## Task statement
Your copy of the lines below must match them exactly and contain no images.

## Dataset excerpt
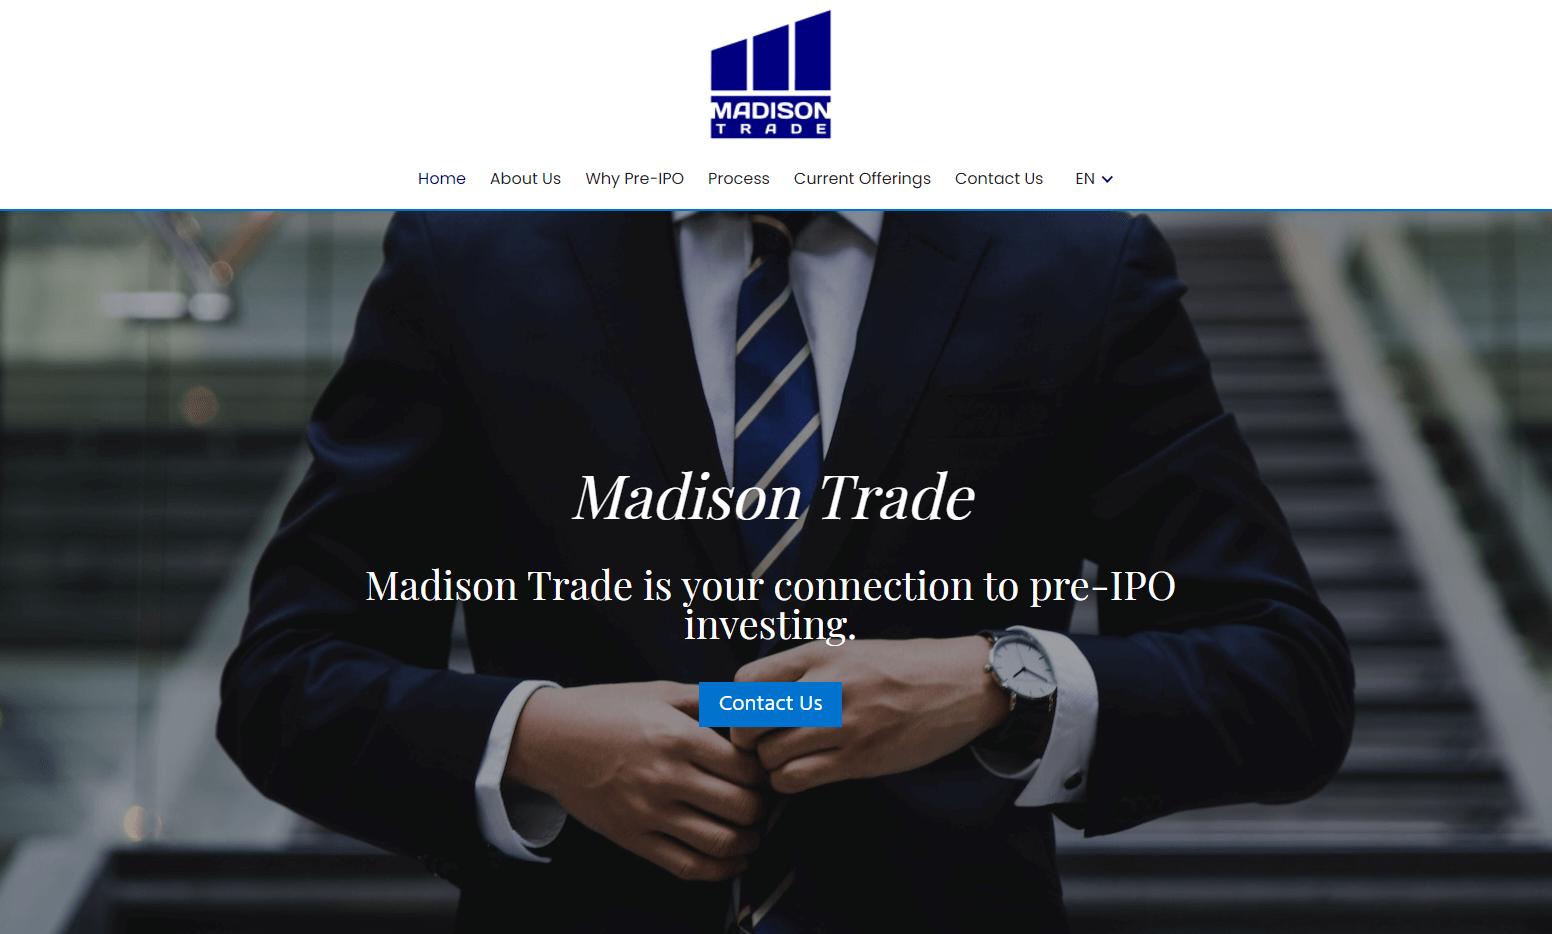 Madison Trade
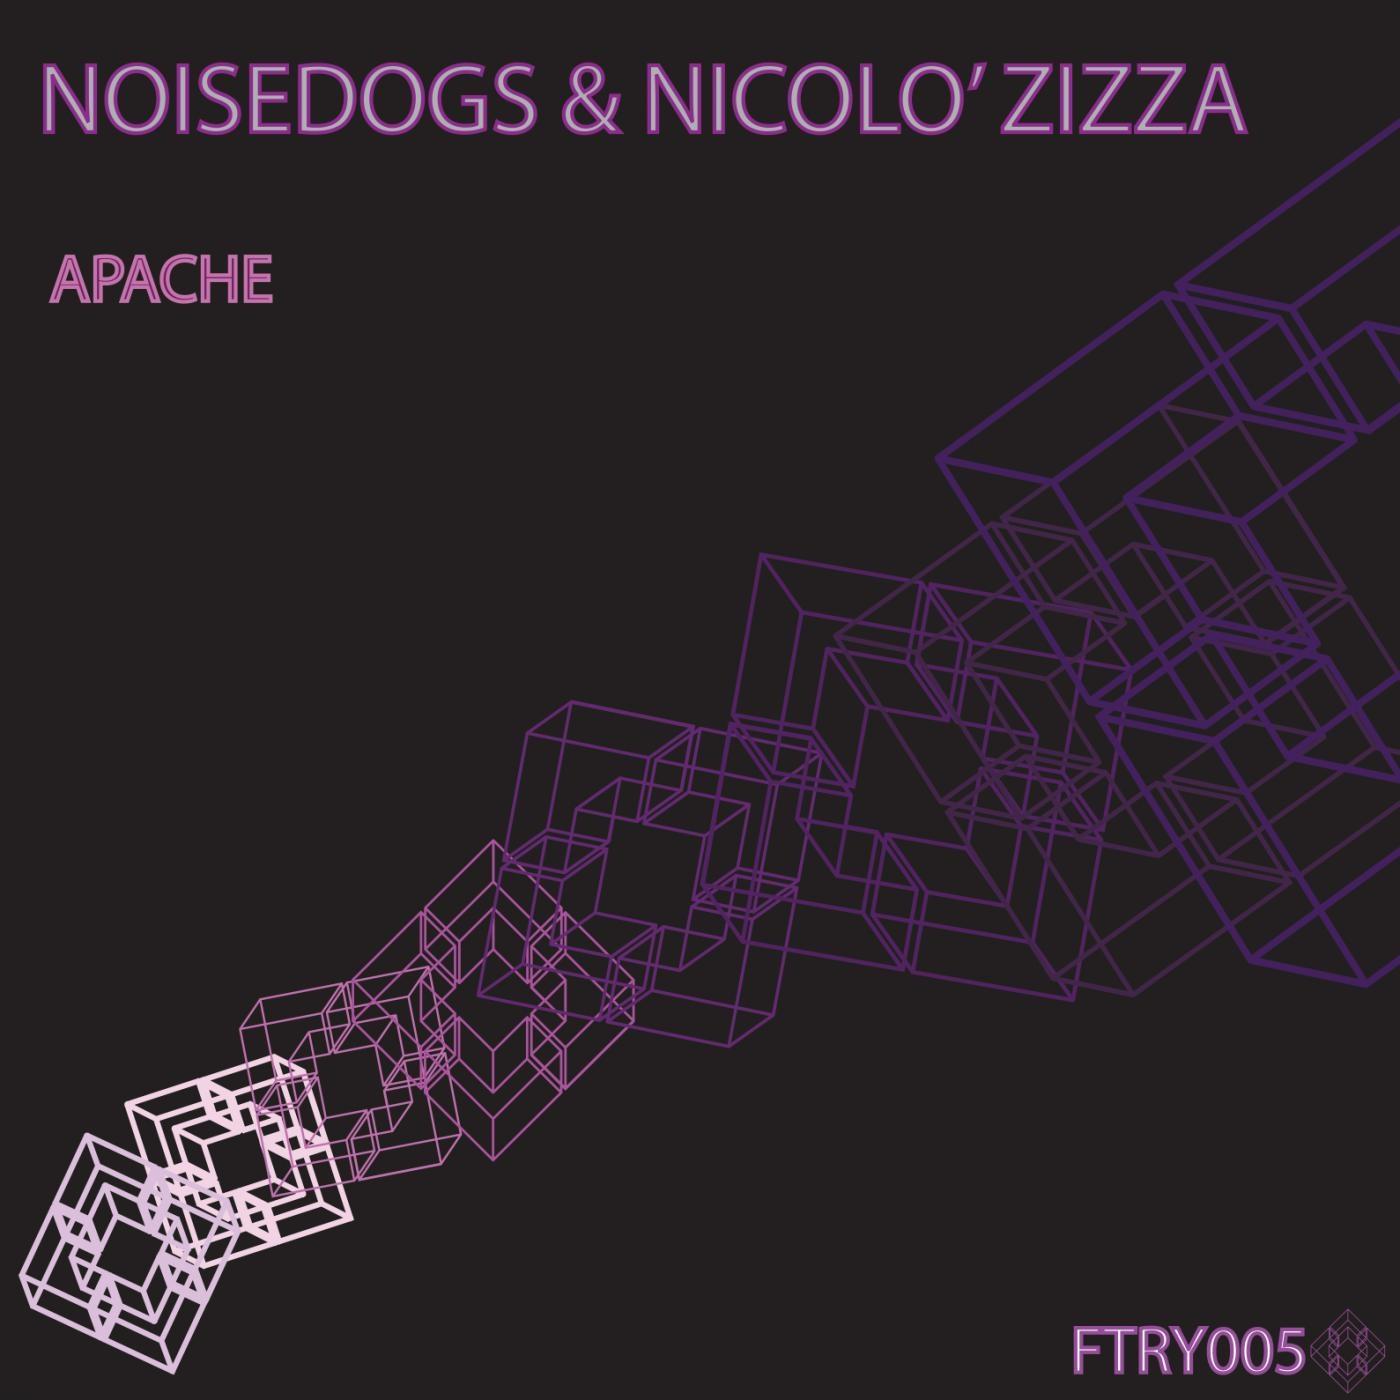 Noisedogs & Nicolo Zizza - Apache (Original mix)
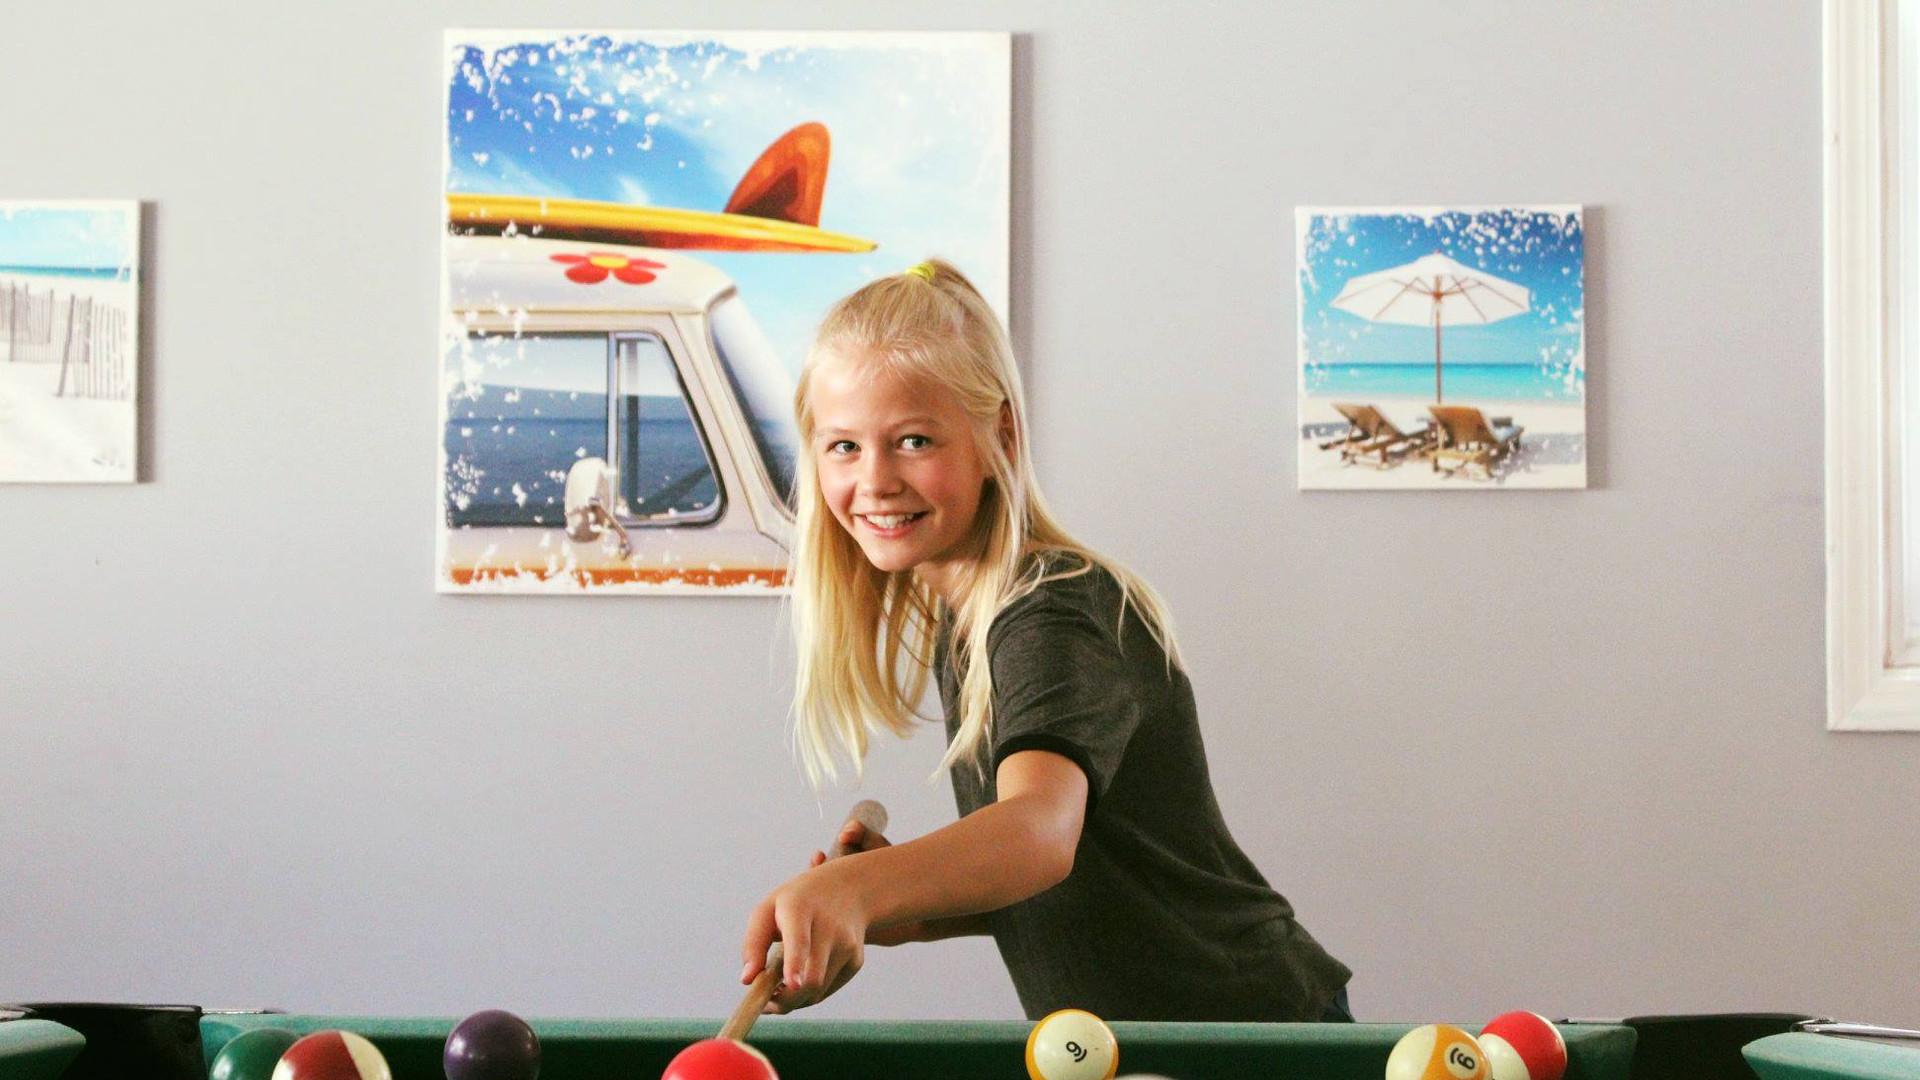 pool_billiards_room_girl-camper_Wood-Lak

## Exercise response
 Madison Trade
 Noisedogs & Nicolo Zizza - Apache (Original mix)
 pool_billiards_room_girl-camper_Wood-Lak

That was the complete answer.